A quantitative evaluation method for determining the effect of tableting speed on the compression properties of pharmaceutical powders was investigated in this study. Cilostazol and ibuprofen were used as active pharmaceutical ingredients (APIs) and mixed with lactose monohydrate and microcrystalline cellulose. Viscoelasticity was examined to evaluate the raw material, and stress relaxation tests were conducted to determine the apparent viscosity and elasticity coefficients of the placebo and two APIs. Tablets were prepared using a compaction simulator and a rotary tablet press at the tableting speeds ranging from laboratory to commercial. The in-die or out-of-die strain rate sensitivity (SRS) indices were determined as a measure of the compressibility and compactibility.
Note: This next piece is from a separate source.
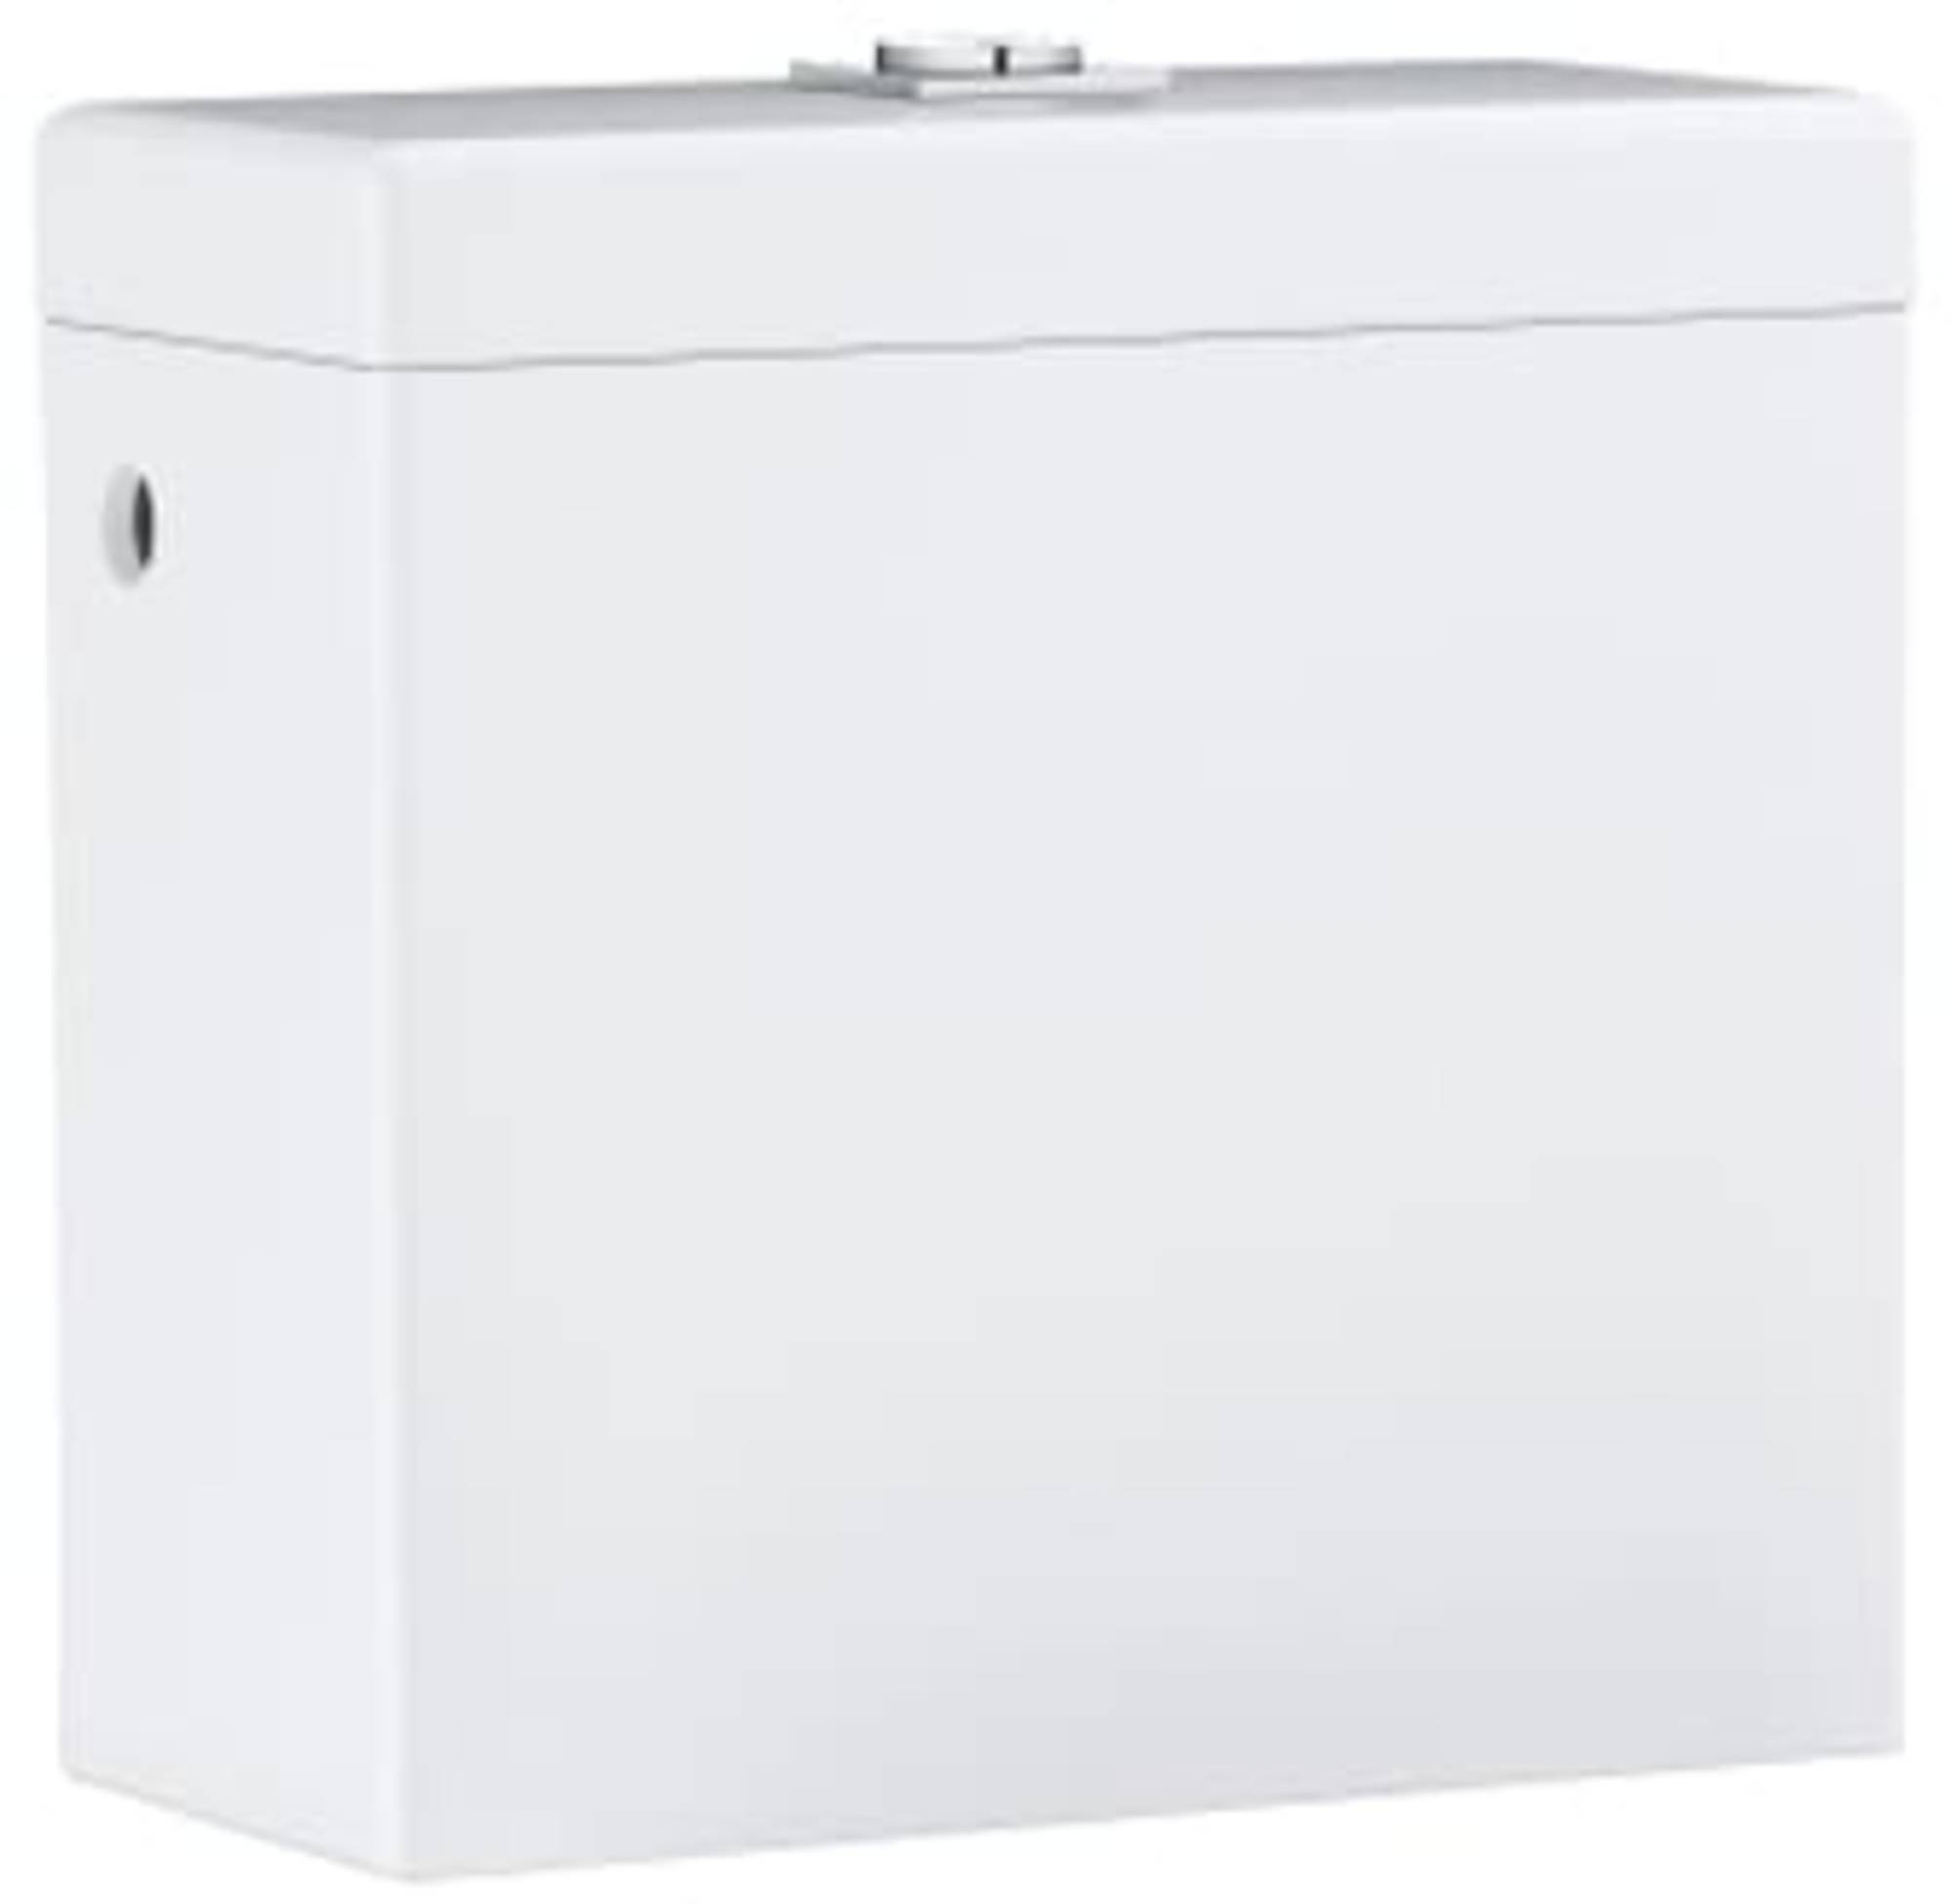 Productafbeelding van Grohe Cube Duoblokreservoir Opbouw met zijaansluiting 37x17x36,5 cm Keramiek Wit

The results showed that the sensitivity of the out-of-die SRS was higher than that of the in-die SRS. The out-of-die SRS of ibuprofen 20% powder, which showed high elasticity and low viscosity, was 13.3-47.9%, whereas that of the placebo and cilostazol 20% (w/w) powder was <7.5%. A peripheral speed difference of more than 300 mm/s during the out-of-die SRS was sensitive enough to detect the capping tendency. Cilostazol, which has lower elasticity and higher viscosity than ibuprofen, was tested using powder mixtures with the API concentrations of 5-40%; the compressibility SRS was <5% for all API concentrations. In contrast, the compressibility SRS of ibuprofen increased from 4.8 to 81% depending on the API concentration. Using the compressibility SRS as an index, it was possible to extract the tableting speed-dependent compressibility characteristics of API from the powder mixtures containing API.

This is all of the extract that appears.